— В дни кризиса вы выступили с обращением, где призвали президента «проявить максимальную жесткость». Расскажите, как, при каких обстоятельствах было записано это обращение?
— Я выступил после того, как толпа вооруженных людей из Белого дома начала штурмовать мэрию и телецентр «Останкино». Началось кровопролитие. Чтобы записать обращение, я добрался до корпункта телекомпании ABC, который находился в арбатских переулках. Они записали пленку и отдали кассету, которую я повез на ВГТРК. Пока мы с Алексеем Мельниковым (депутат Госдумы I — III созывов, фракция «Яблоко») ехали к ним, попали под обстрел и долго не могли туда подобраться, но, в конце концов, кассету передали.

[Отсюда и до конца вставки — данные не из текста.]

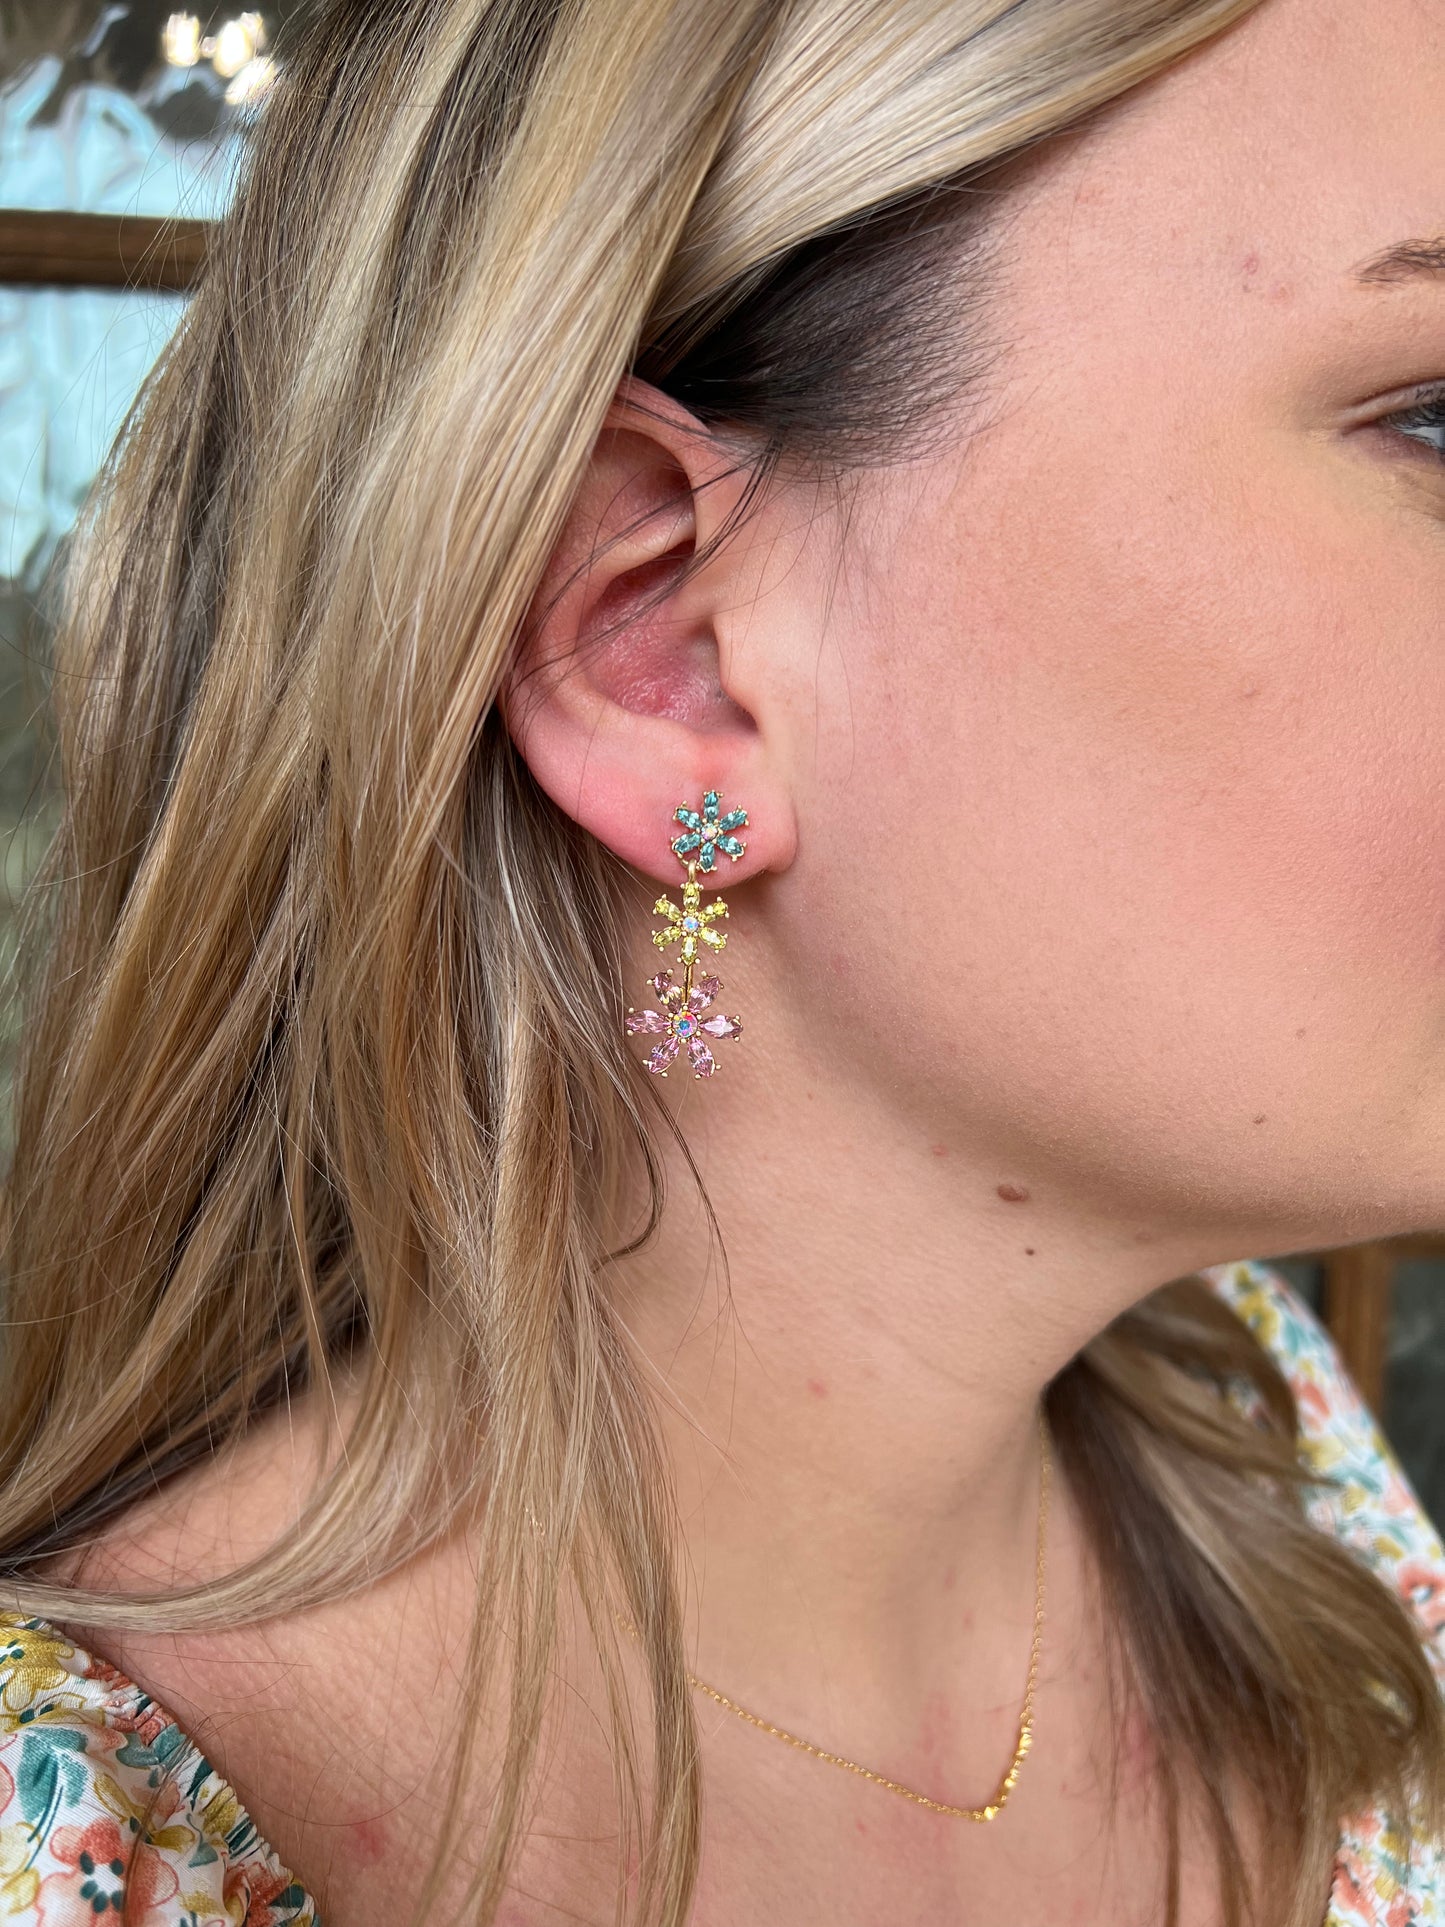 Flower crystal drop earrings - 2 colors

Редакторы ВГТРК, не согласовывая со мной, вырезали все мои слова об ответственности власти за произошедшее. Я говорил, что необходимо провести всестороннее расследование и выявить тех, кто довел до такой ситуации, разобраться, каковы ее реальные причины.
Но самое главное, что все вырезали не только в эфире, а потом и в реальности. После избрания Думы фракция «Яблоко» внесла постановление Госдумы о полномасштабном парламентском расследовании причин и обстоятельств событий октября 1993 года, которое выявило бы виновных в произошедшем.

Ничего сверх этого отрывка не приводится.